Keheningan kembali melanda. Isa memakai jeda ini untuk menyeruput kopi yang mulai dingin di hadapannya dan melihat jam di pergelangan tangannya. Lima menit lagi ia segera masuk karena akan segera boarding. Sebelum Isa sempat mengucapkan perpisahan, si gadis mengatakan sesuatu dengan raut wajah yang menegang.
"Ini sebenarnya alasan utamaku untuk datang ke airport setiap kali aku punya waktu kosong. Aku selalu ingin berada di terminal keberangkatan. Aku tahu bahwa tak berarti bahwa aku akan benar-benar pergi, tapi aku ingin berada sedekat mungkin dengan kemungkinan aku berangkat. Di tempat ini aku selalu melihat para pelancong dengan koper dan bagasi mereka menunggu waktu untuk terbang.

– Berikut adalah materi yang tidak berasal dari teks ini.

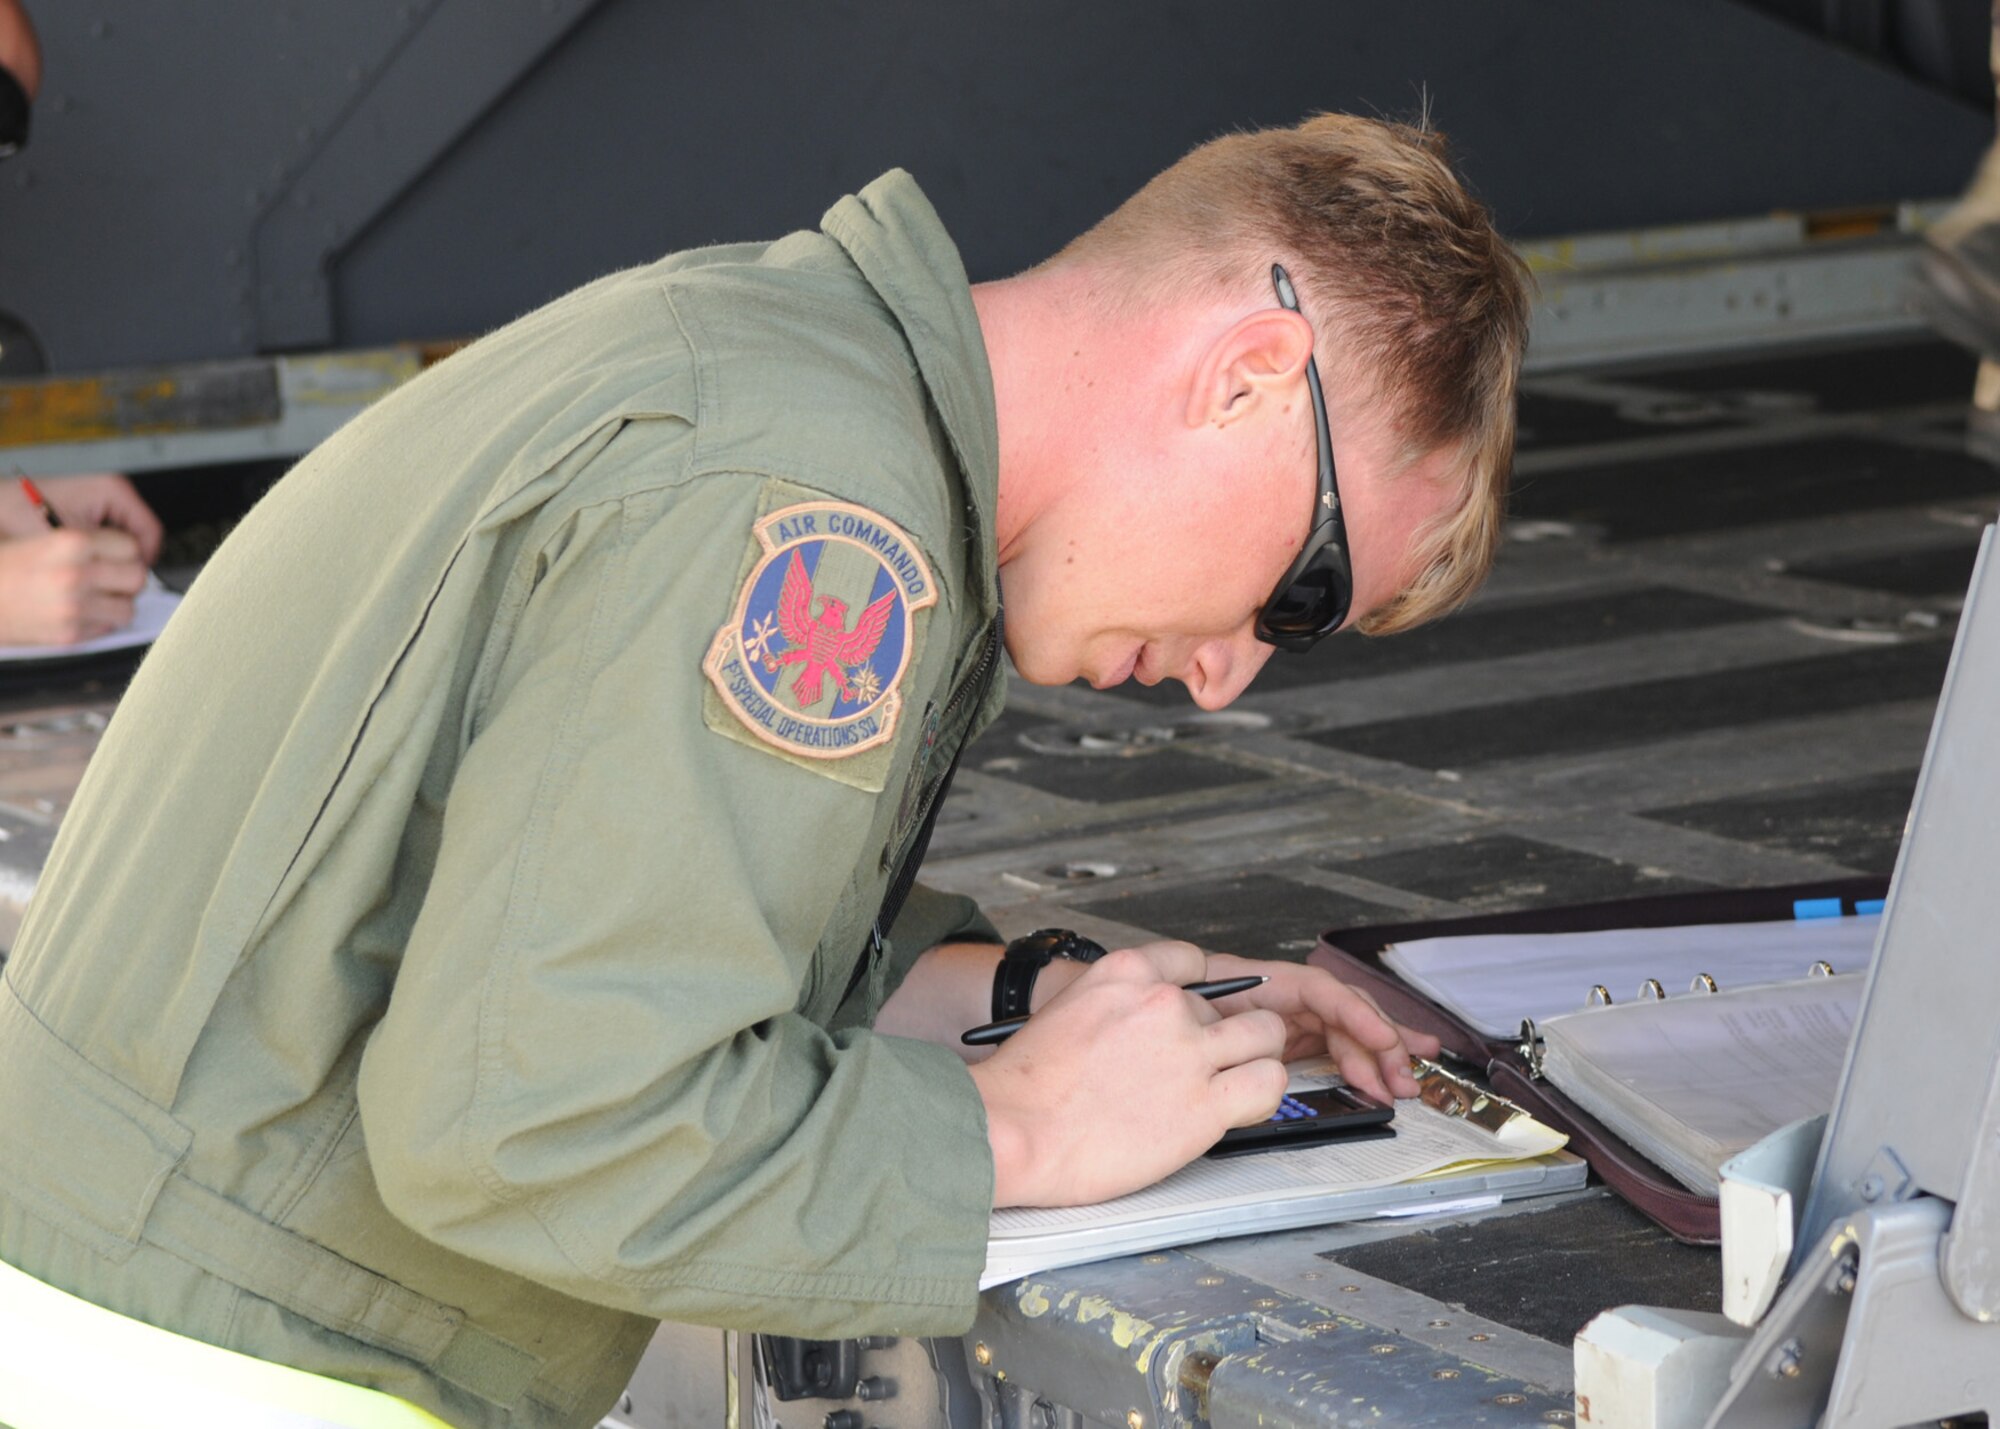 DAEGU AIR BASE, Republic of Korea -- Staff Sgt. James Kosnosky, a 1st Special Operations Squadron loadmaster, completes load plan paperwork before a high altitude, low opening jump here March 19. The training is in preparation for the group's annual operational readiness exercise which affords unit members an opportunity to practice wartime skills necessary for their ability to survive and operate. The 353rd Special Operations Group is the focal point for all U.S. Air Force special operations activities throughout the U.S. Pacific Command theater. (U.S. Air Force photo by Tech. Sgt. Aaron Cram)

Aku tak tahu kapan aku akan berangkat, tapi di tempat inilah aku berada dalam titik terdekat dengan keberangkatan."
Isa terdiam dan mencerna rangkaian kalimat tersebut.
"Kamu tahu, pikiran manusia selalu dipenuh dengan keraguan yang tak terbatas. Keinginan dan keengganan sesungguhnya selalu terlibat dalam adu panco yang tak akan pernah usai. Dalam adu panco di mana kedua kontestannya punya kekuatan yang sama, yang akan menjadi penentu kemenangan bukanlah kekuatan otot, tapi kekuatan niat. Datang terus menerus ke bandara adalah usahaku untuk menumbuhkan niat. Suatu saat nanti aku akan benar-benar berangkat," ujar sang gadis.
Isa melihat lagi jam tangannya. Ia benar-benar harus pergi sekarang jika tidak ingin ketinggalan pesawat.
"Senang bisa ngobrol sama elo setelah berkali-kali hanya melihat elo dari jauh, tapi sekarang gue harus berangkat. Semoga elo bisa secepatnya berangkat ke mana pun yang elo mau," ujar Isa.
"Terima kasih, kamu orang pertama yang ngajak aku ngomong di tempat ini. Have a safe flight."
Sebelum Isa beranjak, ia mengambil tas kecil tempatnya menyimpan koleksi CD yang ia gunakan untuk nge-DJ dan mengambil satu CD dari dalamnya. Itu adalah kopi dari rekaman demo bekas band-nya dulu
"Obrolan kita sore ini ngena banget ke gue. Ini gue mau ngasih elo sesuatu, anggap aja souvenir dari gue. CD ini adalah lambang dari keengganan gue untuk berangkat selama ini. Mungkin sekarang saatnya gue untuk benar-benar berangkat. Nanti dengerin aja di rumah, tapi tolong jangan ditaruh di Torrent."
"Hehe, okay."
"See you next week, perhaps?"
Sang gadis hanya tersenyum dan menjawab, "Goodbye".
***
Keesokan harinya Isa kesulitan untuk mengukur jarak tempuh dari apartemennya ke kantor. Satu-satunya kopi dari rekaman demo bekas band-nya sudah ia berikan kepada gadis yang selalu menunggu di terminal keberangkatan.
***
Seorang gadis berdiri sendiri di tengah kesunyian malam. Tangan kirinya memegang jerigen. Tubuhnya basah, bau kerosin. Tangan kanannya memegang pemantik. Dalam hatinya ia berseru, sekarang aku siap untuk berangkat.